Cuenta la leyenda que cuando un comensal abandona El Bulli y expulsa, durante la digestión de los 40 platos y por vía rectal, los gases que su aparato digestivo considera superfluos, la ventolera resultante no huele a mierda. Huele a moda, a dinero, a exclusividad y si me apuran, hasta a glamour. A heces deconstruidas con hidrógeno líquido sobre espuma de maracuyá. A tordo de Dioses. Que no es lo mismo… pero es igual.
Cenar en su restaurante no baja de los 175 euros más el vino.

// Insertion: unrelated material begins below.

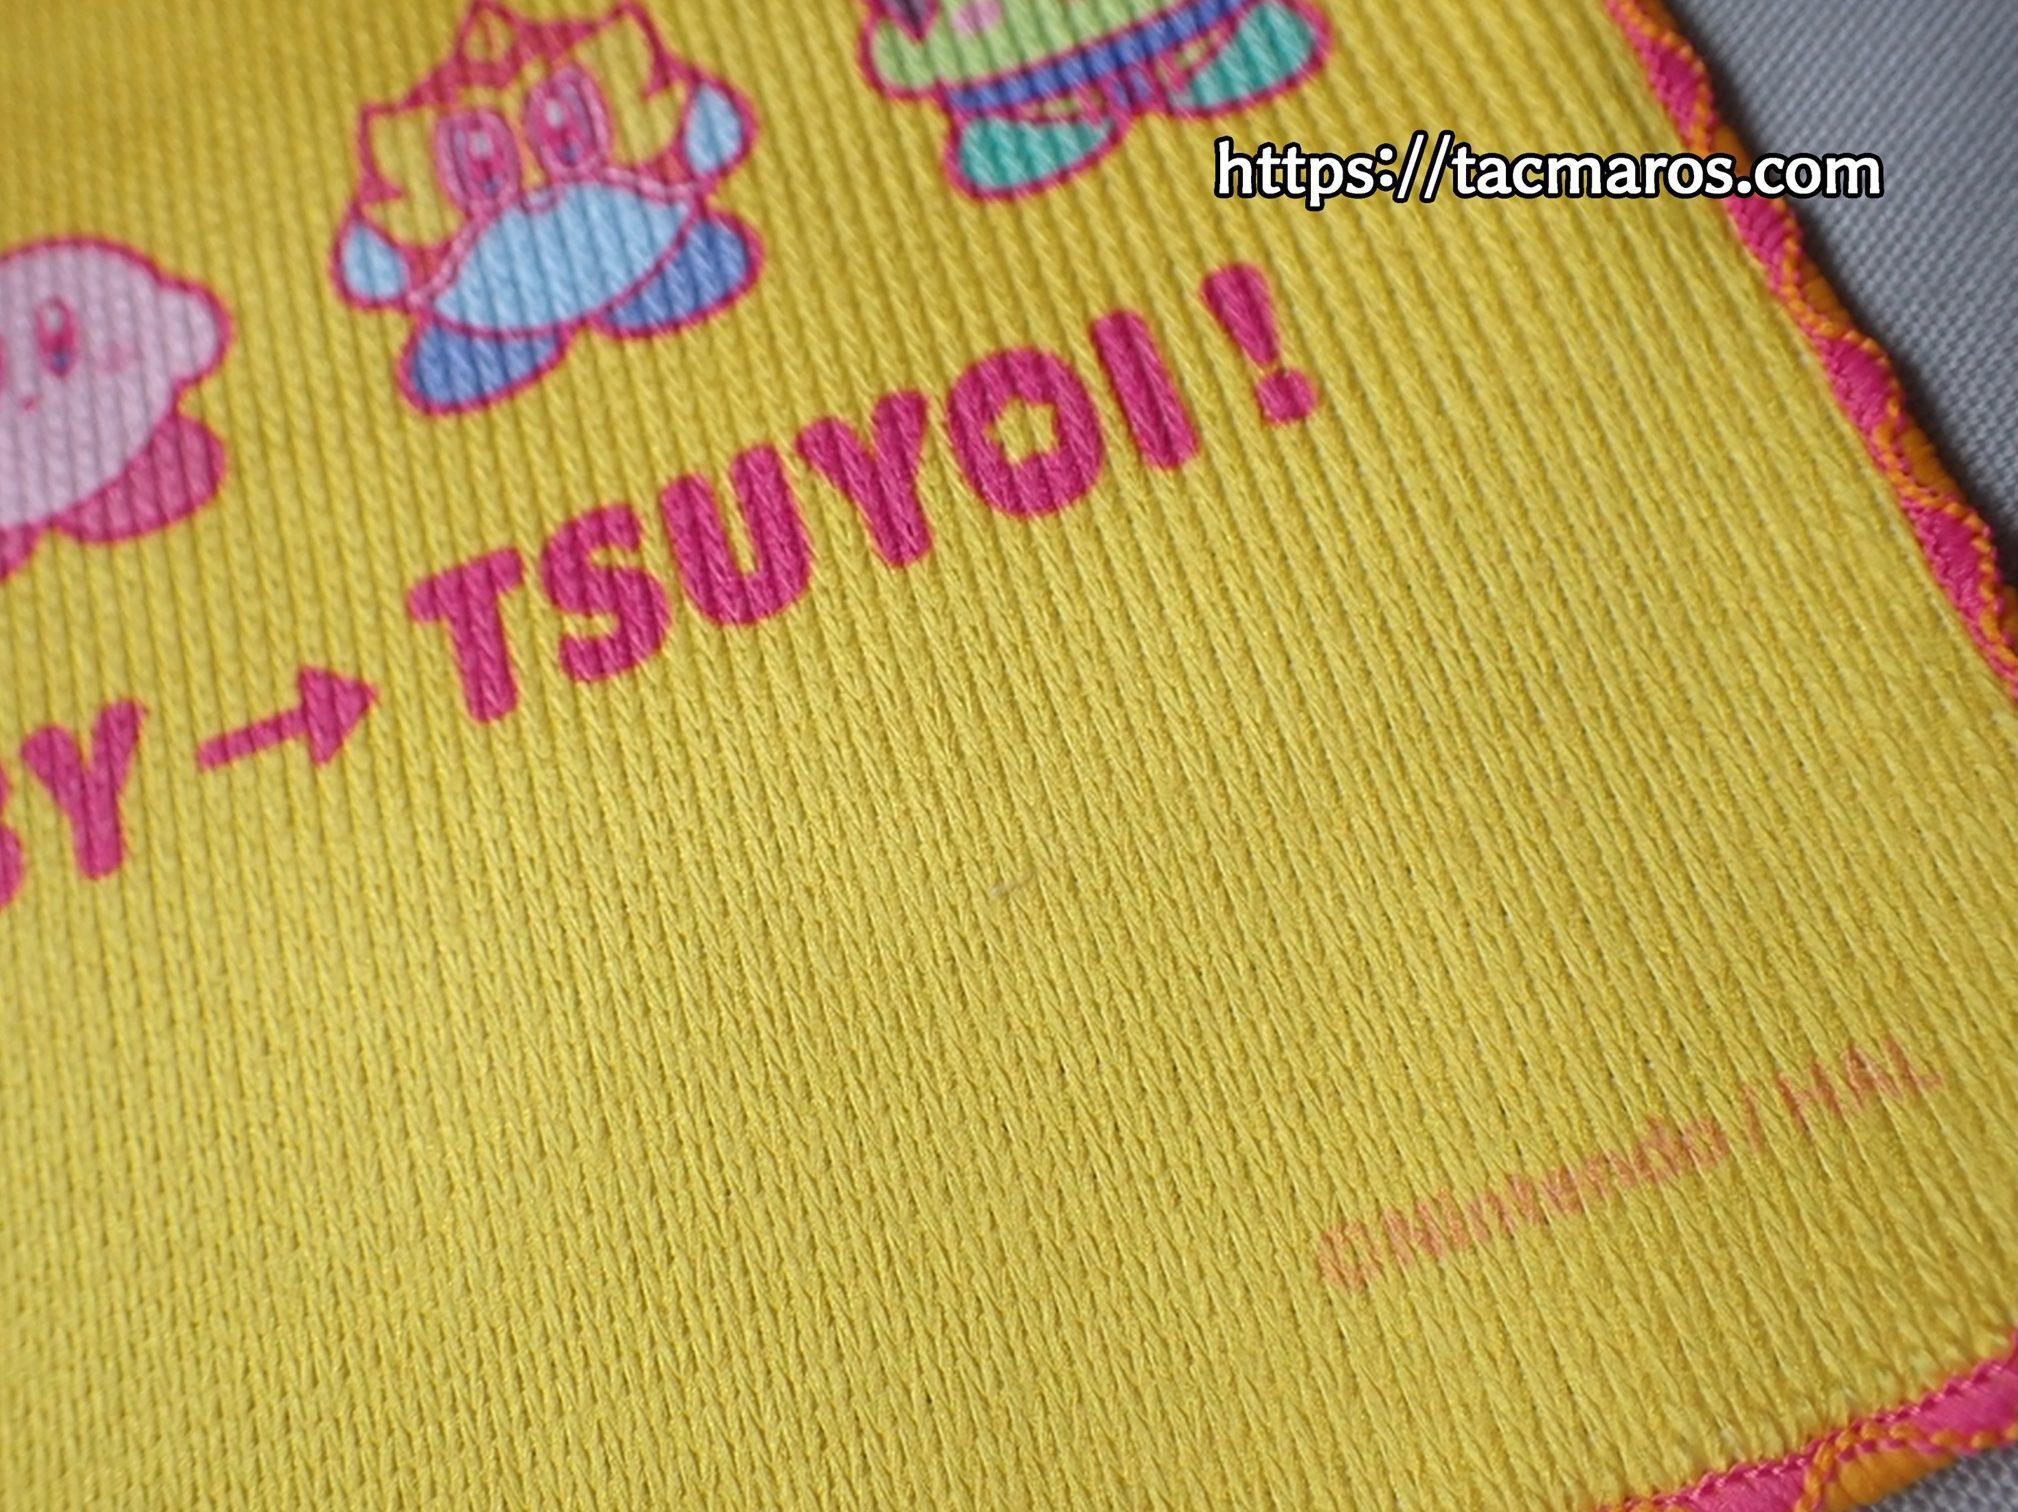 マイニンテンドー MyNintendo プラチナポイント交換グッズ カービィファイターズ2 ミニタオルハンカチ(2種) 黄色いハンカチ、表はニット素材です

Por mucho que se empeñen ilustres ensuciafogones y nuevos ricos, no somos lo que comemos. Somos lo que cagamos. Mierda. Y es que en este país, donde el salario mínimo es de 600 euros y el menú de El Bulli de 175 euros (vinos aparte), se sigue comiendo mucha caca. No hablo de la dieta que sigue Rajoy estas ultimas semanas. Hablo de la obesidad, que ya afecta al 16% de los adultos y al 13% de los niños. ¿Lo de Santamaría y demás friesalchichas? Puro marketing: cocineros mierdáticos en un país de gordos. Lean el post 'Caca rica est', de mis compañeros de Glotonia, y no olviden las dos cosas que han conseguido nuestros cocineros estrella: crear una cultura gastronómica para élites, por un lado, y que ya no se pueda salir a cenar con menos de 50 euros en el bolsillo.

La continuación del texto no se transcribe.